With the India Mobile Congress in progress, there’s still plenty of news coming out of the show about how the country’s 5G landscape will shape up. The latest development involves state-owned operator BSNL, which has a lot of restructuring, upgrading and catching up to do on 4G before it gets stuck into its 5G plans, with which the Indian government is giving it a helping hand in the form of a revival package and network assets, as previously reported. So, with at least its medium-term future secured, BSNL is now planning to build out its 5G networks and launch services in the second half of next year, and it looks like local technology giant Tata Communication Services (TCS) is going to be a significant beneficiary of BSNL’s plans, as it’s on course to land a deal worth $2bn for 4G and 5G technology and supporting systems integration efforts, a BSNL executive told the Business Standard. It seems, too, that as a result of the deal, TCS will develop indigenous radio access network and packet core systems, and is set to form a couple of special telecom units to focus on such developments. This is all good news for BSNL and the government’s Make in India initiative, which aims to keep R&D and technology production within India rather than rely on imports, but according to the Business Standard, this might spell bad news for Mavenir, which had been in line to develop and deliver core network platforms for BSNL. But don’t rule anything out – Mavenir has operations in India, has been involved in the India Mobile Congress event, has good local connections and clearly believes it has real prospects in India’s 4G and 5G sector.
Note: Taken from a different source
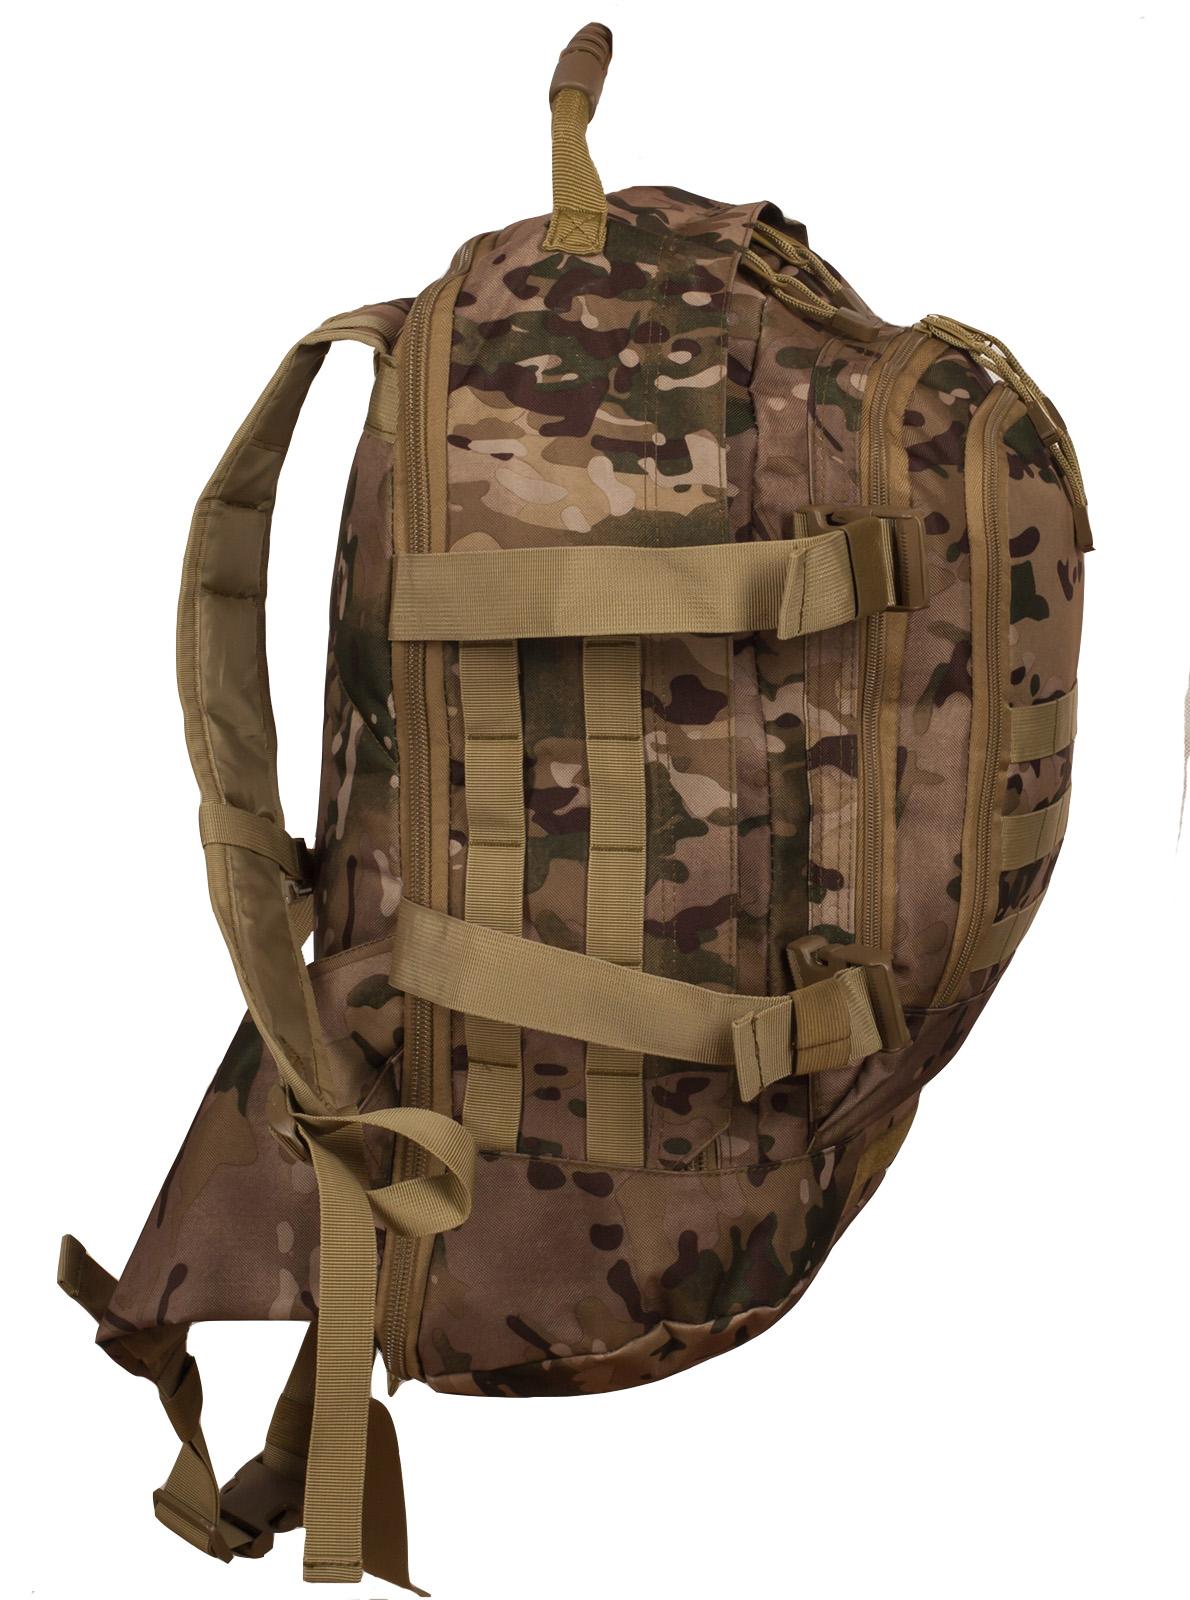 Рюкзак снайпера 3-Day Expandable Backpack 08002A Multicam с эмблемой СССР оптом в Военпро

For more on 5G developments in India, see India is bullish on 5G as the first networks are launched.

US enterprise-focused network operator Lumen Technologies has completed the $7.5bn sale of its incumbent local exchange carrier (ILEC) operations in 20 states in the mid-south and east to Brightspeed. Lumen believes the move “is a key step in its strategic plans to focus investments on driving profitable growth and places the company in a leading position to meet the world's increasing IT demands for latency-sensitive applications and immersive digital experiences.” The operator, previously known as Centurylink, has retained ILEC assets in 16 states in the mid-north and west, where it plans to invest in fibre access network deployments, as well as competitive local exchange carrier networks in all 36 states, national fibre transport links and other associated network assets across the US. For further details, see this announcement, and for a breakdown of the states in which assets are being sold, see this announcement from August 2021.